Most clear cases are stable across alpha values, but borderline cases can flip. This is why later graph notebooks will include alpha sensitivity instead of reporting one graph as if the threshold were ordained.

Sample Size Sensitivity

Conditional independence tests need enough data. Small samples can fail to detect real dependence or can produce unstable p-values. This cell repeats three Fisher-Z checks across several sample sizes.

sample_cases = [
    {
        "case": "direct edge need-match",
        "x": "need",
        "y": "match",
        "conditioning_set": (),
    },
    {
        "case": "blocked non-edge need-renewal",
        "x": "need",
        "y": "renewal",
        "conditioning_set": ("intent", "match", "engagement"),
    },
    {
        "case": "opened collider need-intent",
        "x": "need",
        "y": "intent",
        "conditioning_set": ("match",),
    },
]

sample_sizes = [100, 250, 500, 1_000, 2_500]
sample_rows = []
linear_data = datasets["linear_gaussian"]
for sample_size in sample_sizes:
    sample_df = linear_data.sample(n=sample_size, random_state=RANDOM_SEED + sample_size)
    sample_runner = make_ci_runner(sample_df, base_nodes, "fisherz")
    for case in sample_cases:
        p_value = sample_runner(case["x"], case["y"], case["conditioning_set"])
        sample_rows.append(
            {
                "sample_size": sample_size,
                "case": case["case"],
                "conditioning_set": ", ".join(case["conditioning_set"]) or "none",
                "p_value": p_value,
                "decision_at_0_05": decision_from_p_value(p_value),
            }
        )

sample_size_sensitivity = pd.DataFrame(sample_rows)
sample_size_sensitivity.to_csv(TABLE_DIR / f"{NOTEBOOK_PREFIX}_sample_size_sensitivity.csv", index=False)
sample_size_sensitivity

	sample_size	case	conditioning_set	p_value	decision_at_0_05
0	100	direct edge need-match	none	3.498170e-07	reject independence
1	100	blocked non-edge need-renewal	intent, match, engagement	2.673226e-01	do not reject independence
2	100	opened collider need-intent	match	0.000000e+00	reject independence
3	250	direct edge need-match	none	0.000000e+00	reject independence
4	250	blocked non-edge need-renewal	intent, match, engagement	1.185747e-01	do not reject independence
5	250	opened collider need-intent	match	0.000000e+00	reject independence
6	500	direct edge need-match	none	0.000000e+00	reject independence
7	500	blocked non-edge need-renewal	intent, match, engagement	8.016450e-01	do not reject independence
8	500	opened collider need-intent	match	0.000000e+00	reject independence
9	1000	direct edge need-match	none	0.000000e+00	reject independence
10	1000	blocked non-edge need-renewal	intent, match, engagement	5.320839e-01	do not reject independence
11	1000	opened collider need-intent	match	0.000000e+00	reject independence
12	2500	direct edge need-match	none	0.000000e+00	reject independence
13	2500	blocked non-edge need-renewal	intent, match, engagement	3.088303e-01	do not reject independence
14	2500	opened collider need-intent	match	0.000000e+00	reject independence

The strongest dependence patterns are usually detected even with smaller samples. The blocked case is more variable because the expected result is “do not reject independence,” which is always harder to prove from finite data.
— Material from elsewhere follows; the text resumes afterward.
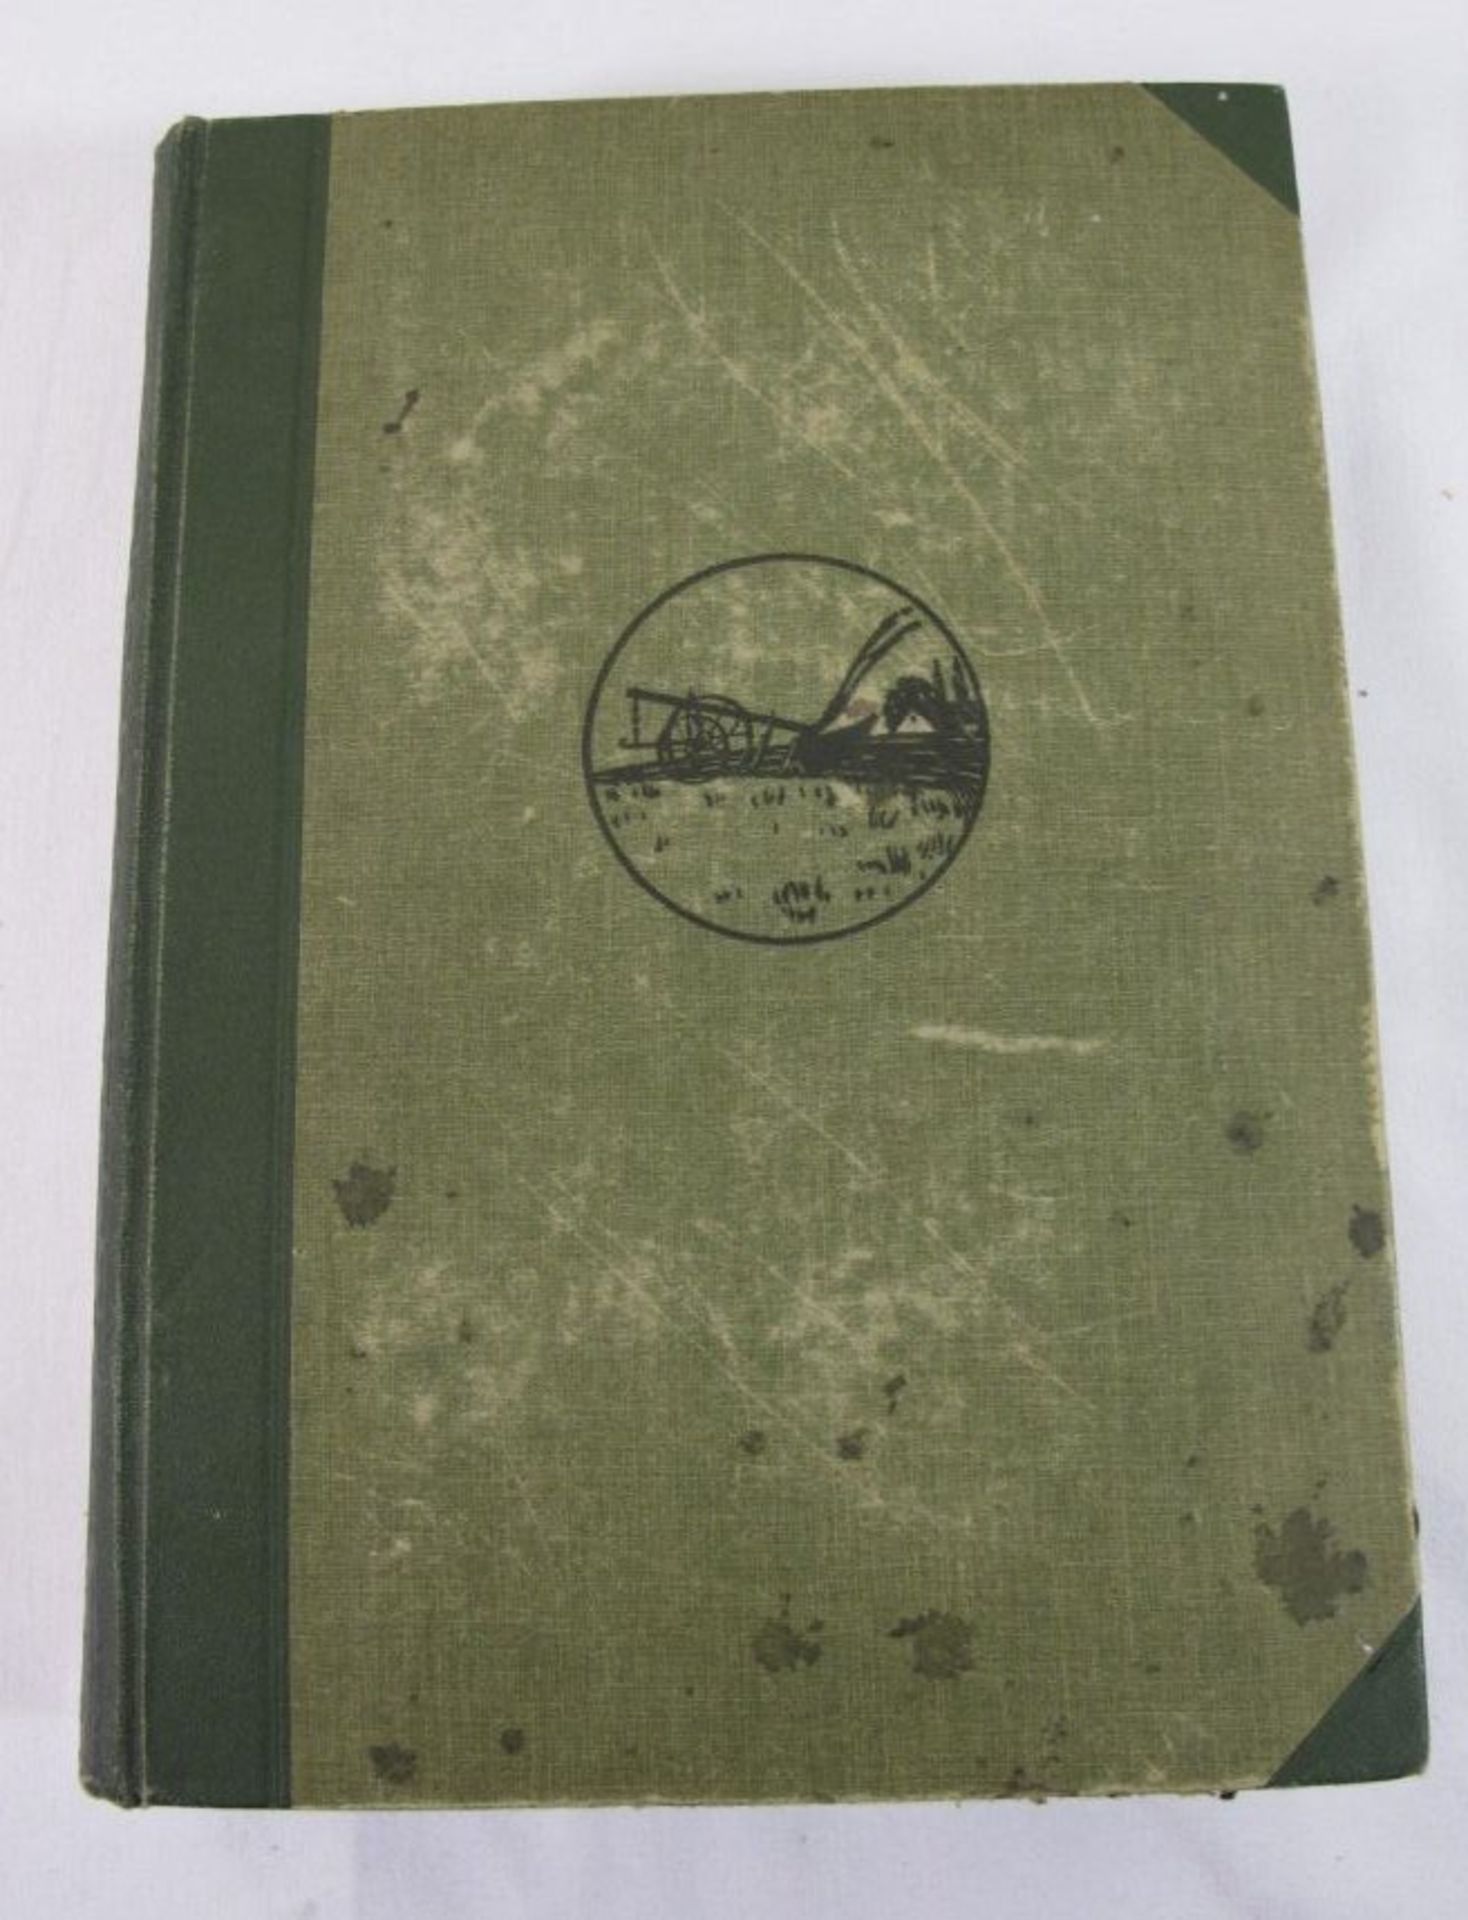 4 Bände "Landlexikon", von 1911, Band 2-5, Alters-u. Gebrauchsspure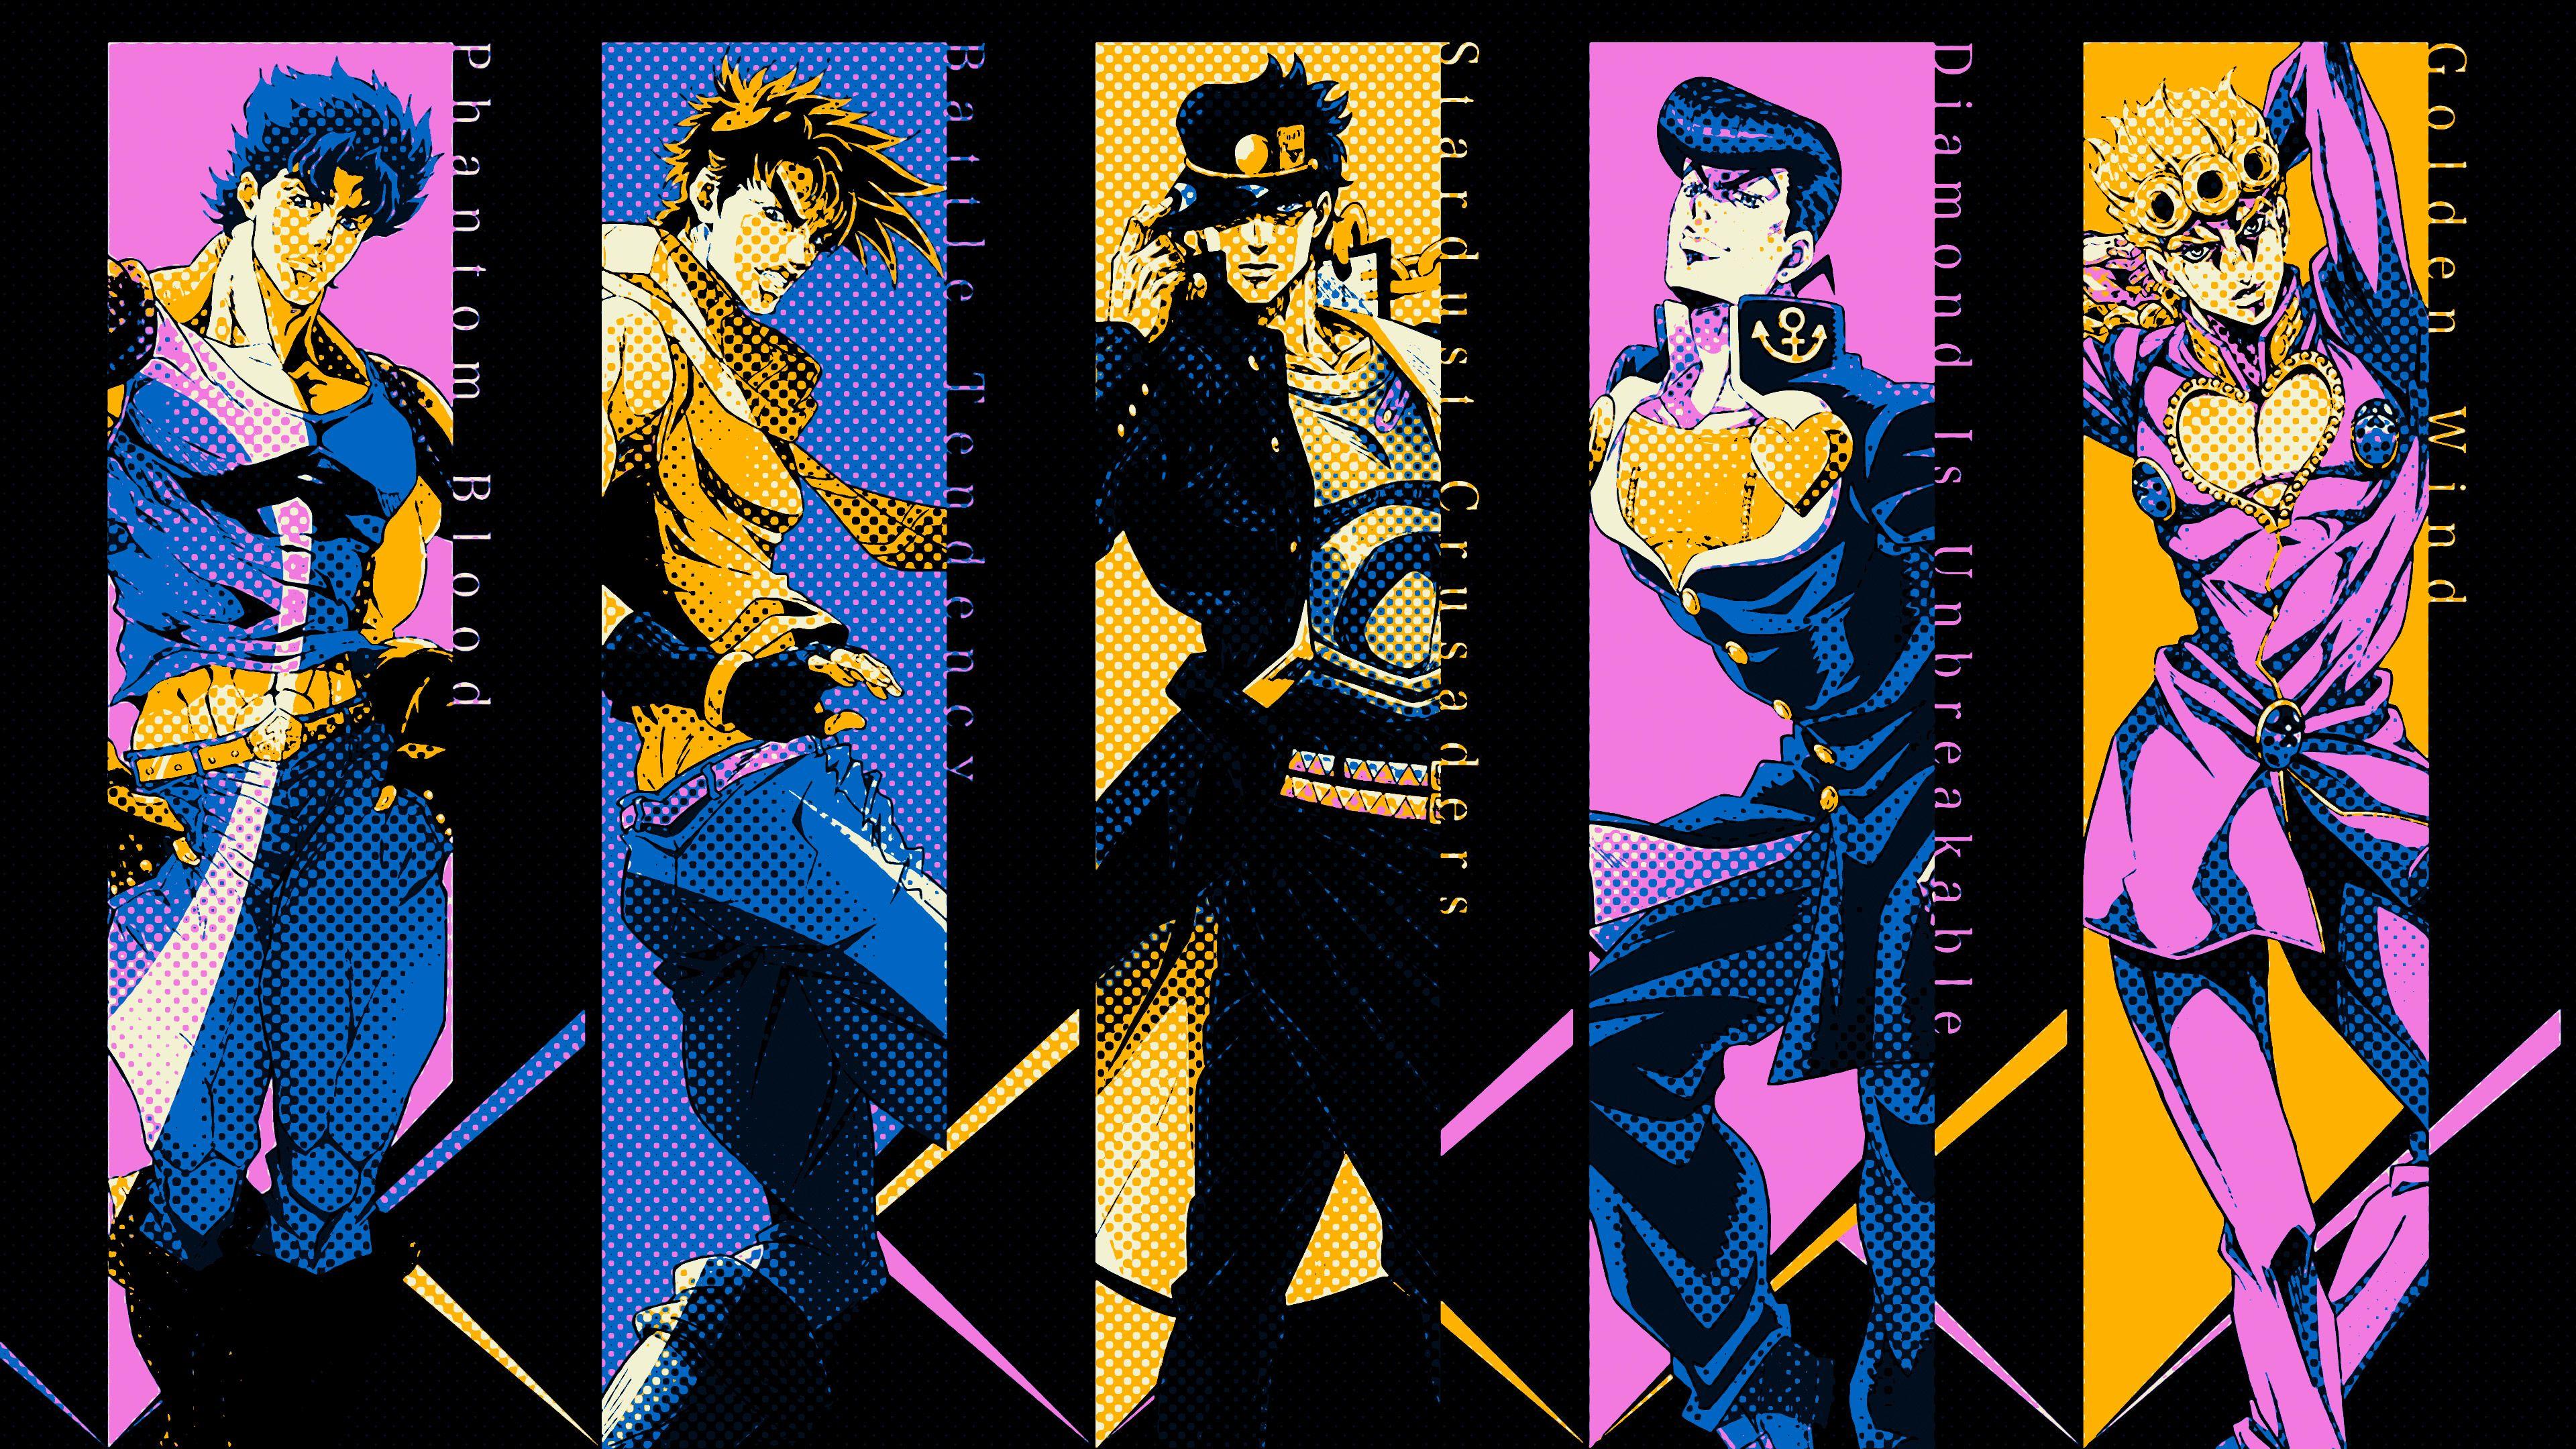 HD wallpaper: Anime, Jojo's Bizarre Adventure, Dio Brando, Jotaro Kujo |  Wallpaper Flare

Plot Sample Size Sensitivity

The next plot shows how evidence against independence changes with sample size. The y-axis again uses capped -log10(p) so small p-values are visible without letting underflow dominate the scale.

sample_plot = sample_size_sensitivity.copy()
sample_plot["minus_log10_p"] = capped_minus_log10(sample_plot["p_value"])

fig, ax = plt.subplots(figsize=(10.5, 5.5))
sns.lineplot(
    data=sample_plot,
    x="sample_size",
    y="minus_log10_p",
    hue="case",
    marker="o",
    linewidth=1.8,
    ax=ax,
)
ax.axhline(-np.log10(ALPHA), color="#111827", linestyle="--", linewidth=1.2)
ax.set_title("Fisher-Z Sensitivity To Sample Size")
ax.set_xlabel("Sample size")
ax.set_ylabel("-log10(p-value), capped at 20")
ax.set_ylim(0, PLOT_LOG_CAP + 1)
plt.tight_layout()
sample_size_plot_path = FIGURE_DIR / f"{NOTEBOOK_PREFIX}_sample_size_sensitivity.png"
fig.savefig(sample_size_plot_path, dpi=160, bbox_inches="tight")
plt.show()

The plot makes the practical lesson visible: p-values are not only about graph structure; they also reflect sample size. A discovery graph learned from 100 rows can differ from one learned from 2,500 rows even if the data-generating DAG is identical.

Marginal P-Value Matrix

Before running a full algorithm, it is useful to inspect all pairwise marginal tests. This matrix is not a graph, but it reveals which variable pairs are strongly associated before conditioning.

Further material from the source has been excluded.